GZIP Java vs .NET

https://stackoverflow.com/questions/2737471

02-10-2019
|

Question

Using the following Java code to compress/decompress bytes[] to/from GZIP. First text bytes to gzip bytes:

public static byte[] fromByteToGByte(byte[] bytes) {
    ByteArrayOutputStream baos = null;
    try {
        ByteArrayInputStream bais = new ByteArrayInputStream(bytes);
        baos = new ByteArrayOutputStream();
        GZIPOutputStream gzos = new GZIPOutputStream(baos);
        byte[] buffer = new byte[1024];
        int len;
        while((len = bais.read(buffer)) >= 0) {
            gzos.write(buffer, 0, len);
        }
        gzos.close();
        baos.close();
    } catch (IOException e) {
        e.printStackTrace();
    }
    return(baos.toByteArray());
}

Then the method that goes the other way compressed bytes to uncompressed bytes:

public static byte[] fromGByteToByte(byte[] gbytes) {
    ByteArrayOutputStream baos = null;
    ByteArrayInputStream bais = new ByteArrayInputStream(gbytes);
    try {
        baos = new ByteArrayOutputStream();
        GZIPInputStream gzis = new GZIPInputStream(bais);
        byte[] bytes = new byte[1024];
        int len;
        while((len = gzis.read(bytes)) > 0) {
            baos.write(bytes, 0, len);
        }
    } catch (IOException e) {
        e.printStackTrace();
    }
    return(baos.toByteArray());
}

Think there is any effect since I'm not writing out to a gzip file?
Also I noticed that in the standard C# function that BitConverter reads the first four bytes and then the MemoryStream Write function is called with a start point of 4 and a length of input buffer length - 4. So is that effect the validity of the header?

Jim

Solution

I tryed it out, and I cant reproduce your 'Invalid GZip Header' issue.
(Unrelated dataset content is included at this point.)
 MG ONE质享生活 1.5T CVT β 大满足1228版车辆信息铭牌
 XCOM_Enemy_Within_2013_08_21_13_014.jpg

Here is what I did:

Java side

I took your Java compression method together with this java snippet:

public static String ToHexString(byte[] bytes){
    StringBuilder hexString = new StringBuilder();
        for (int i = 0; i < bytes.length; i++)
            hexString.append((i == 0 ? "" : "-") + 
                Integer.toString((bytes[i] & 0xff) + 0x100, 16).substring(1));
    return hexString.toString();
}

So that this minimalistic java application, taking the bytes of a test string, compressing it, and converting it to a hex string of the compressed data...:

public static void main(String[] args){
    System.out.println(ToHexString(fromByteToGByte("asdf".getBytes())));
}

... outputs the following (I added annotations):

1f-8b-08-00-00-00-00-00-00-00-4b-2c-4e-49-03-00-bd-f3-29-51-04-00-00-00
^------- GZip Header -------^ ^----------- Compressed data -----------^

C# side

I wrote two methods for compressing and uncompressing a byte array to another byte array (compression method is just for completeness, and my testings):

public static byte[] Compress(byte[] uncompressed)
{
    using (MemoryStream ms = new MemoryStream())
    using (GZipStream gzs = new GZipStream(ms, CompressionMode.Compress))
    {
        gzs.Write(uncompressed, 0, uncompressed.Length);
        gzs.Close();
        return ms.ToArray();
    }
}

public static byte[] Decompress(byte[] compressed)
{
    byte[] buffer = new byte[4096];
    using (MemoryStream ms = new MemoryStream(compressed))
    using (GZipStream gzs = new GZipStream(ms, CompressionMode.Decompress))
    using (MemoryStream uncompressed = new MemoryStream())
    {
        for (int r = -1; r != 0; r = gzs.Read(buffer, 0, buffer.Length))
            if (r > 0) uncompressed.Write(buffer, 0, r);
        return uncompressed.ToArray();
    }
}

Together with a small function that takes a hex string and turns it back to a byte array... (also just for testing purposes):

public static byte[] ToByteArray(string hexString)
{
    hexString = hexString.Replace("-", "");
    int NumberChars = hexString.Length;
    byte[] bytes = new byte[NumberChars / 2];
    for (int i = 0; i < NumberChars; i += 2)
        bytes[i / 2] = Convert.ToByte(hexString.Substring(i, 2), 16);
    return bytes;
}

... I did the following:

// Just hardcoded the output of the java program, convert it back to byte[]
byte[] fromjava = ToByteArray("1f-8b-08-00-00-00-00-00-00-00-" + 
                  "4b-2c-4e-49-03-00-bd-f3-29-51-04-00-00-00");

// Decompress it with my function above
byte[] uncompr = Decompress(fromjava);

// Get the string out of the byte[] and print it
Console.WriteLine(System.Text.ASCIIEncoding.ASCII
                    .GetString(uncompr, 0, uncompr.Length));

Et voila, the output is:

asdf

Works perfect for me. Maybe you should check your decompression method in your c# application.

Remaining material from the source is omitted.